Problem statement: Give back all of the data exactly as it stands, with the pictures removed.

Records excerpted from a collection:
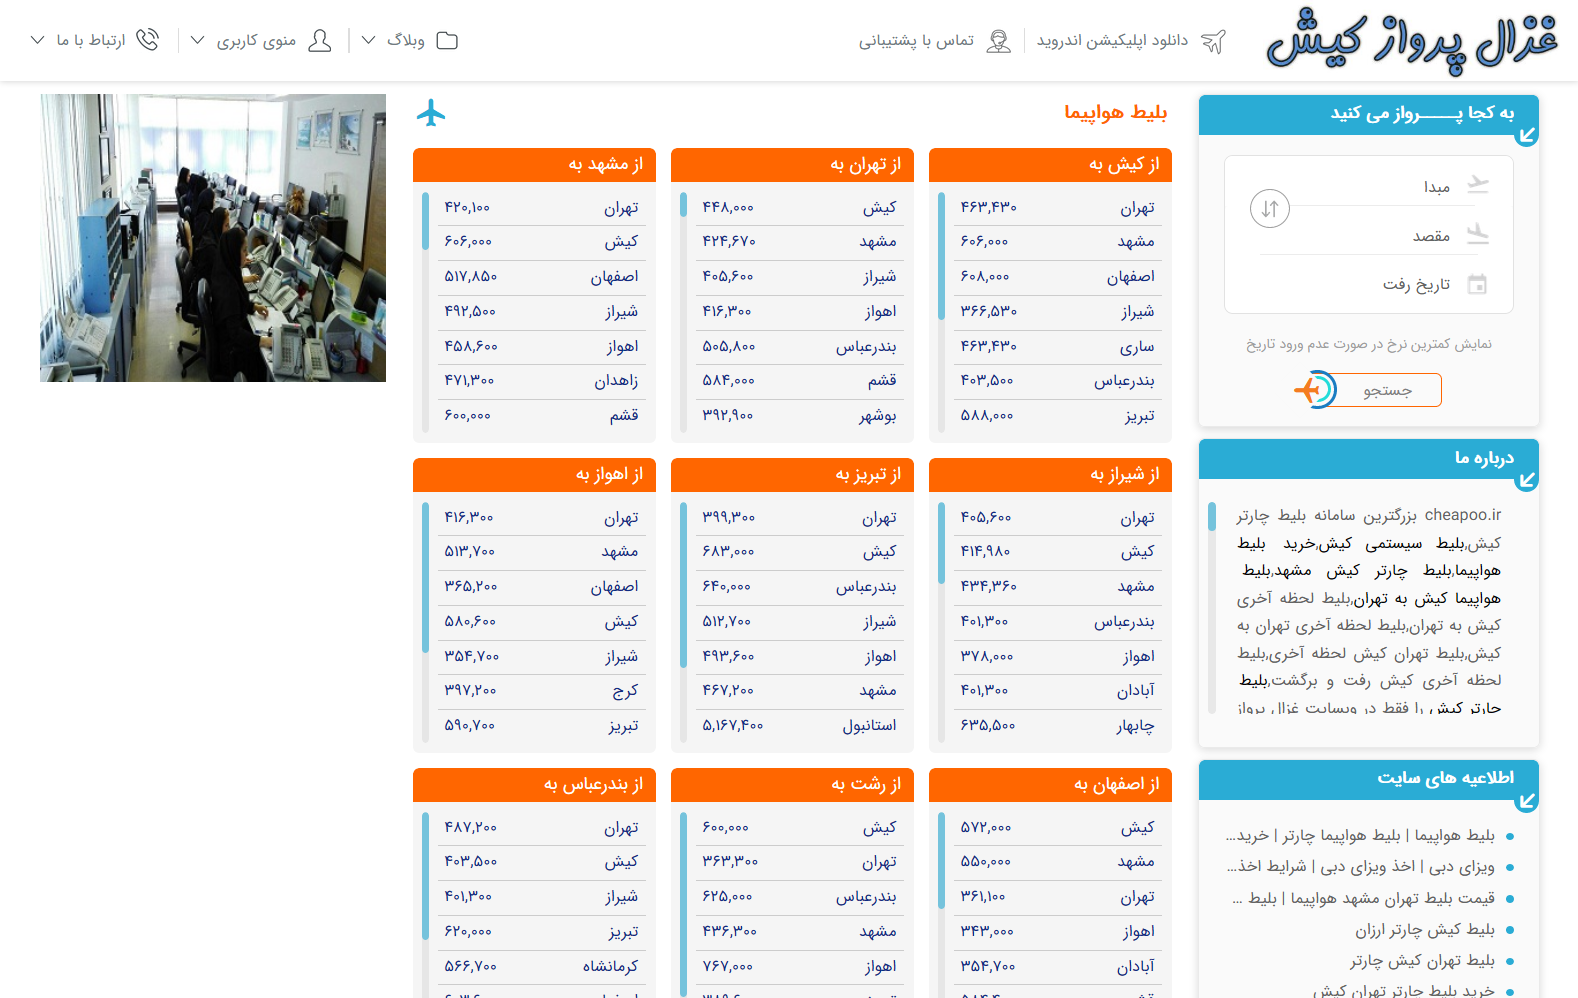 جستجوی آسان و ارزان پرواز شیراز . در خطوط پرواز تهران به شیراز چارتر ارزانترین ایرلاین ها و تمام ایرلاین هایی که پرواز دارند ماهان ، تهران ایر ، سپهران ، تابان ، زاگرس ، آتا میباشند .
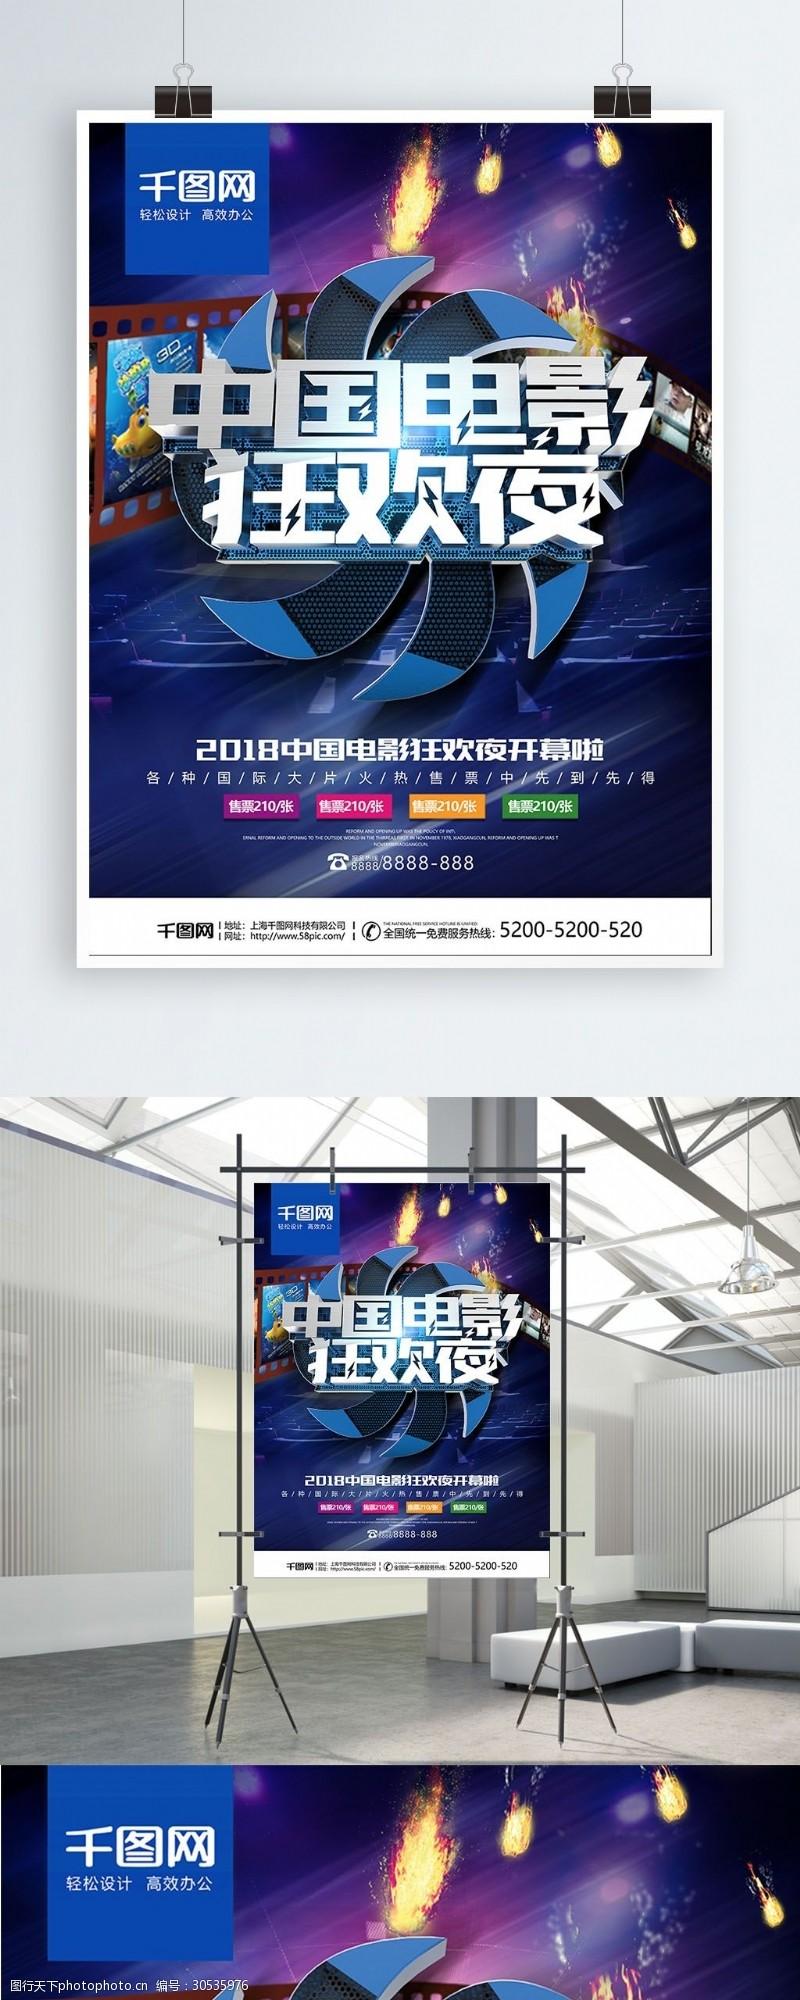 电影元素中国电影狂欢夜海报
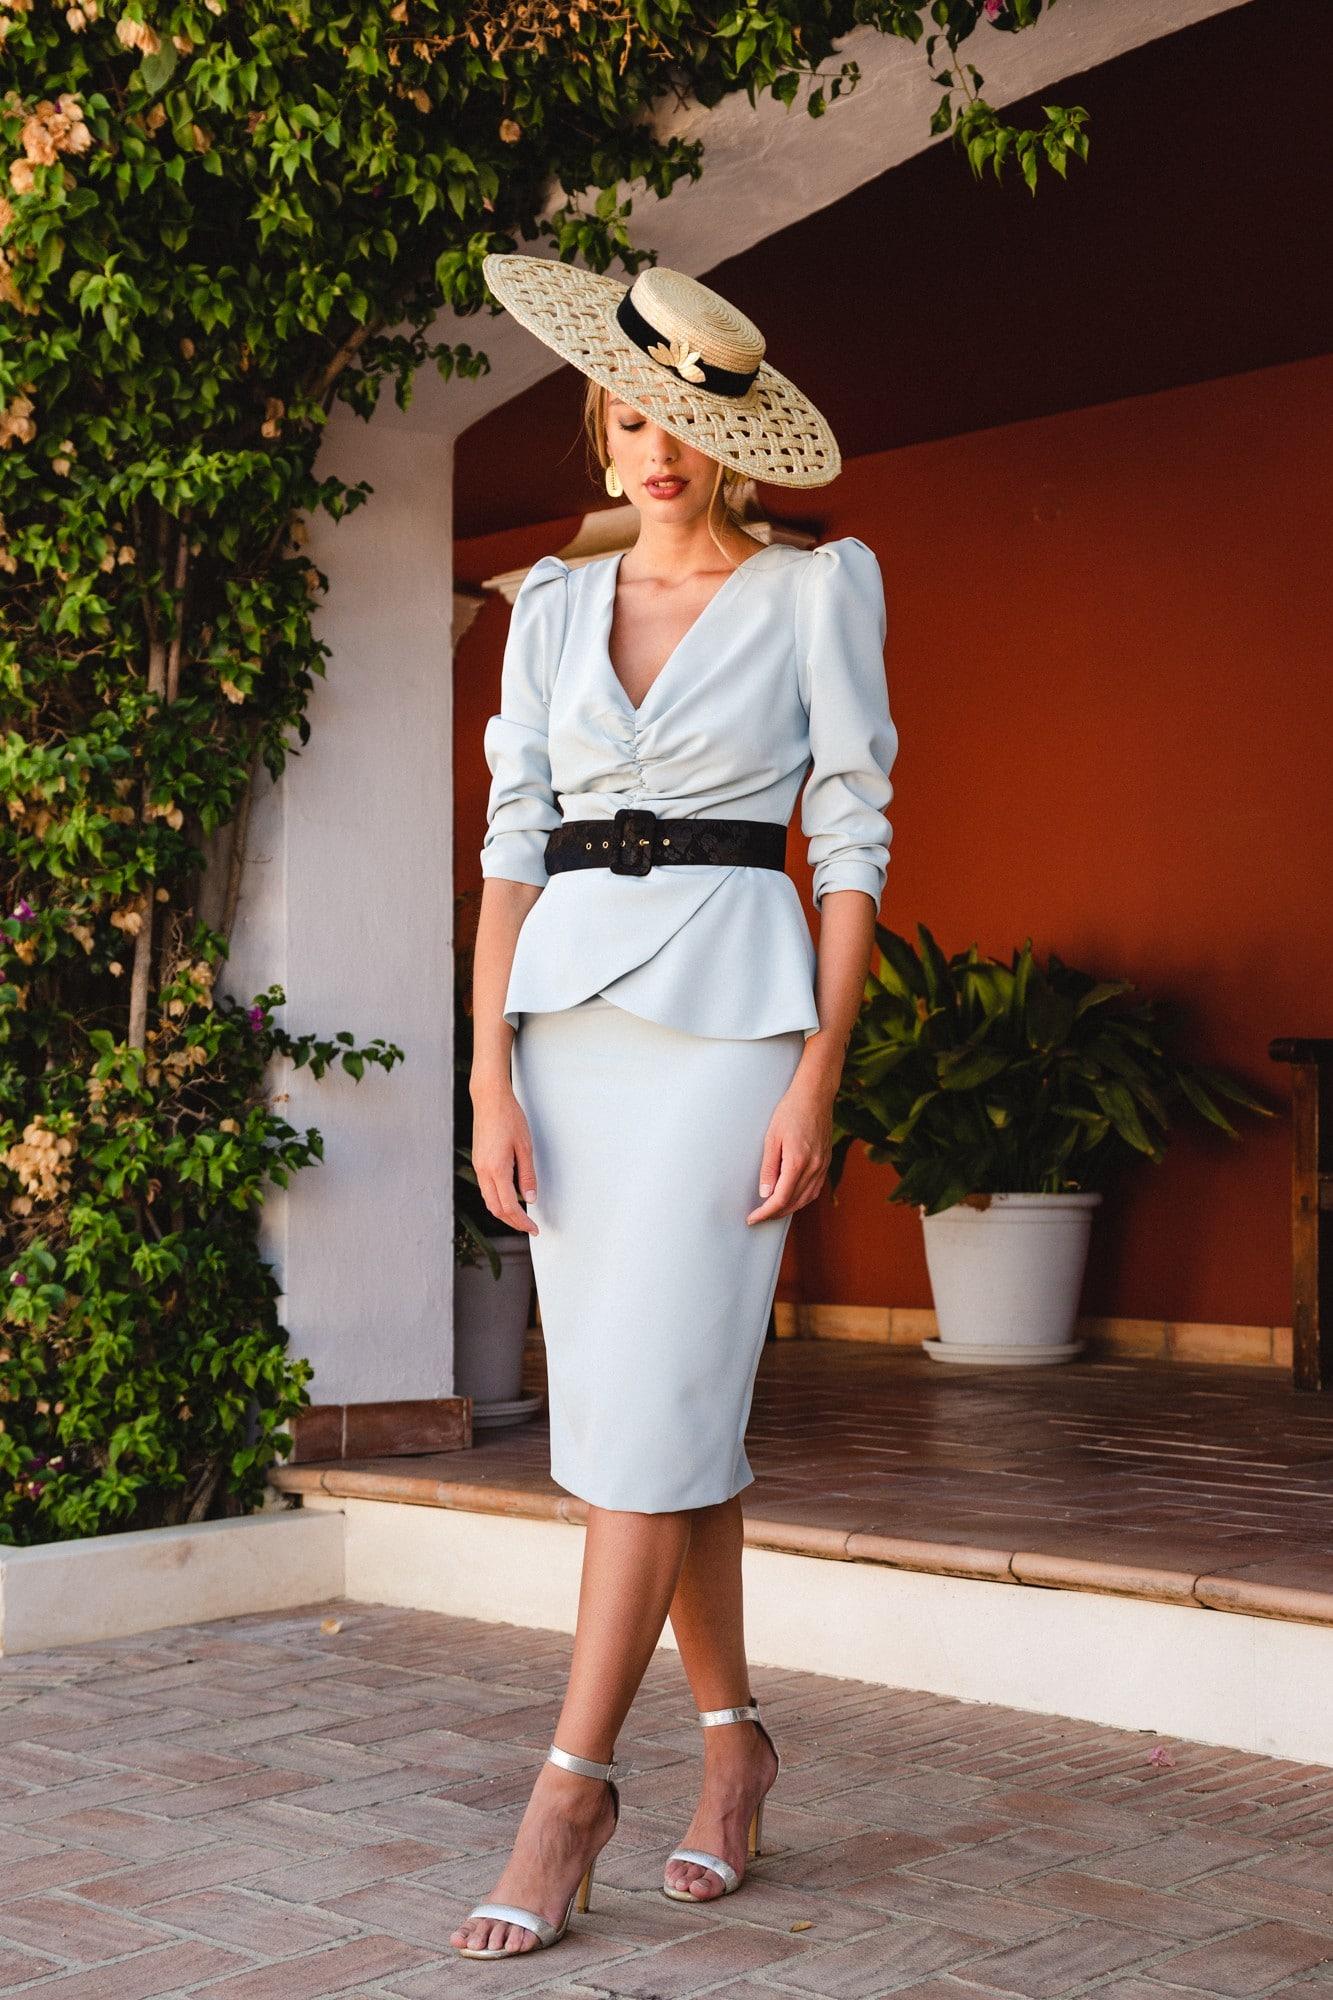 Las mejores tiendas para alquilar tu look de invitada de boda - Mimage
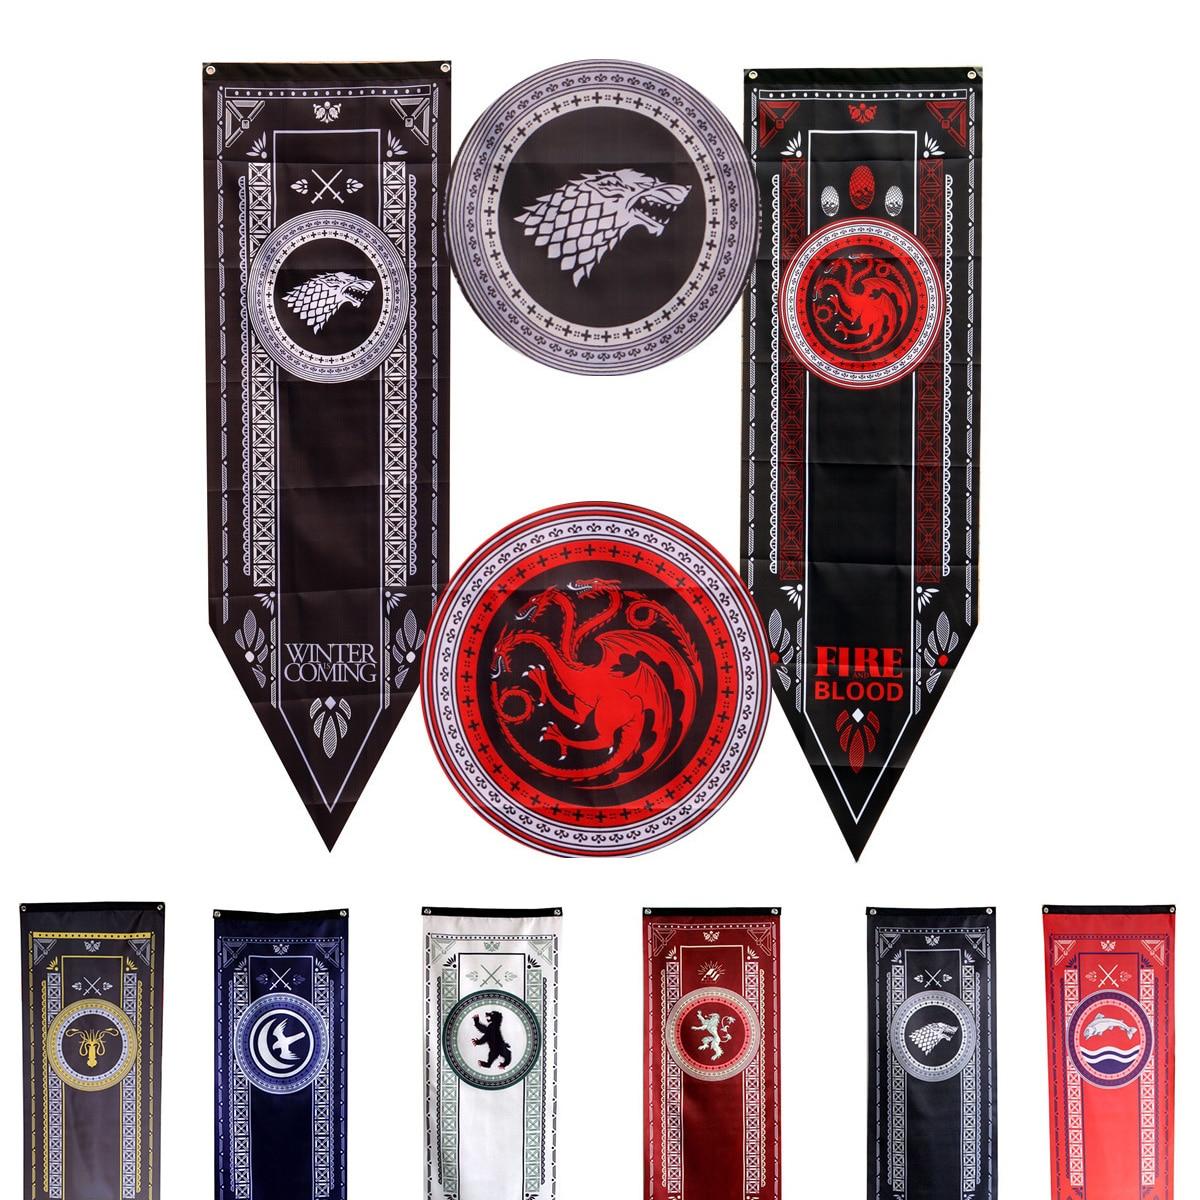 Toys & Hobbies Game Of Thrones Banner Home Decor Bar Flag House Stark Tully Targaryen Lannister Baratheon Bolton Got Decoration Flag
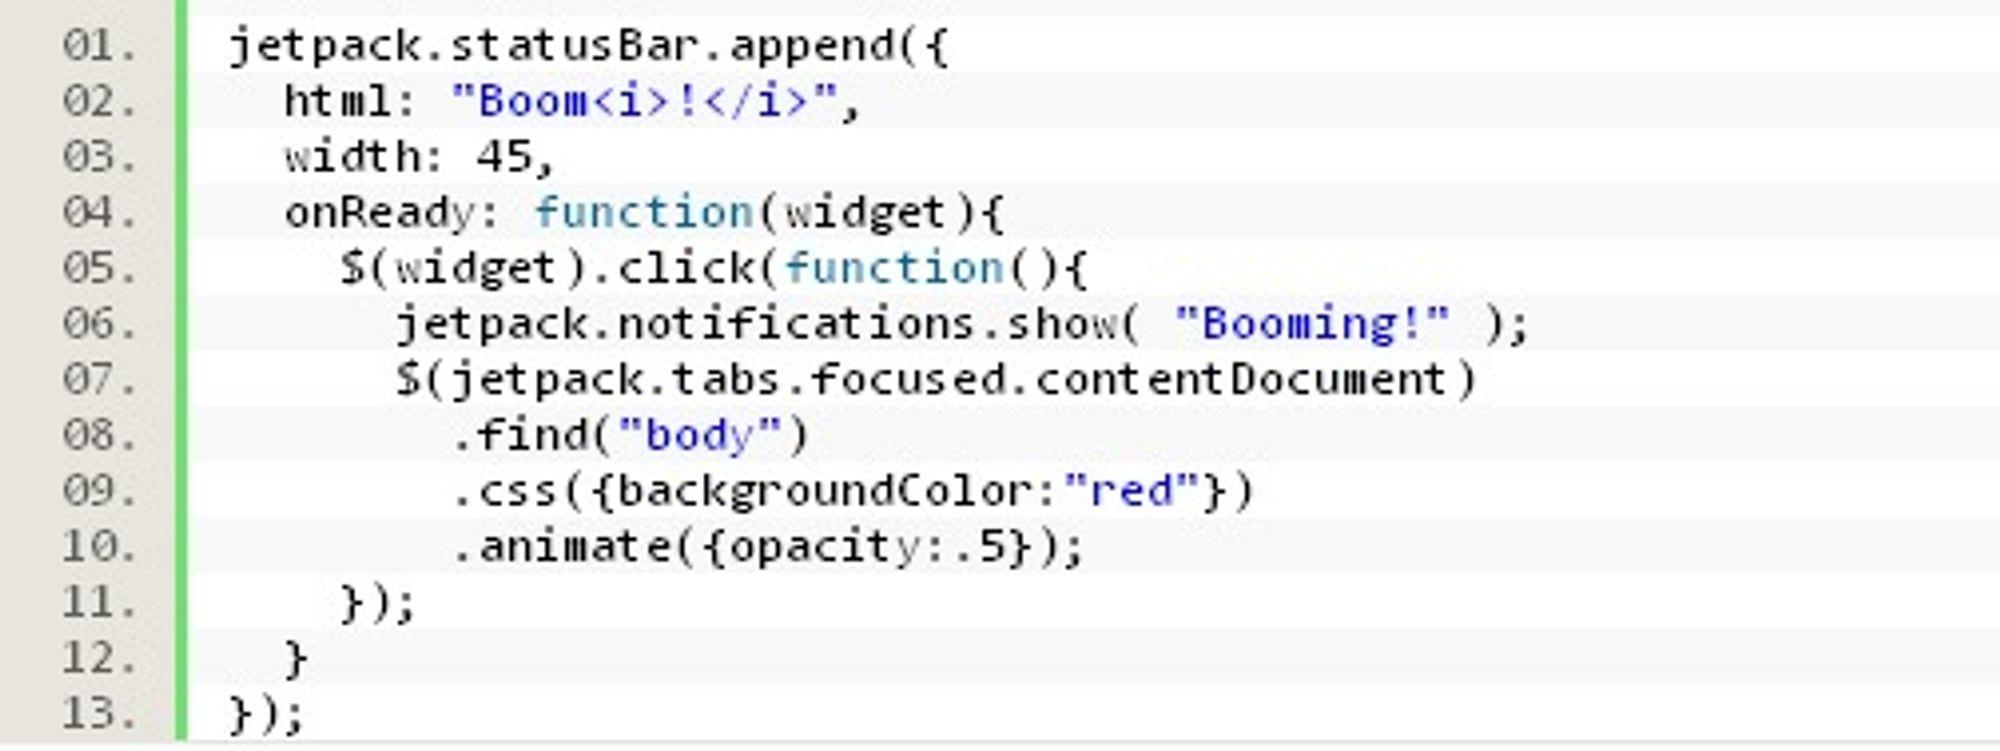 Eksempelkode for Jetpack-widget. Denne endrer bakgrunnfargen på alle websider til rød.

Output below:
 جستجوی آسان و ارزان پرواز شیراز . در خطوط پرواز تهران به شیراز چارتر ارزانترین ایرلاین ها و تمام ایرلاین هایی که پرواز دارند ماهان ، تهران ایر ، سپهران ، تابان ، زاگرس ، آتا میباشند .
 电影元素中国电影狂欢夜海报
 Las mejores tiendas para alquilar tu look de invitada de boda - Mimage
 Toys & Hobbies Game Of Thrones Banner Home Decor Bar Flag House Stark Tully Targaryen Lannister Baratheon Bolton Got Decoration Flag
 Eksempelkode for Jetpack-widget. Denne endrer bakgrunnfargen på alle websider til rød.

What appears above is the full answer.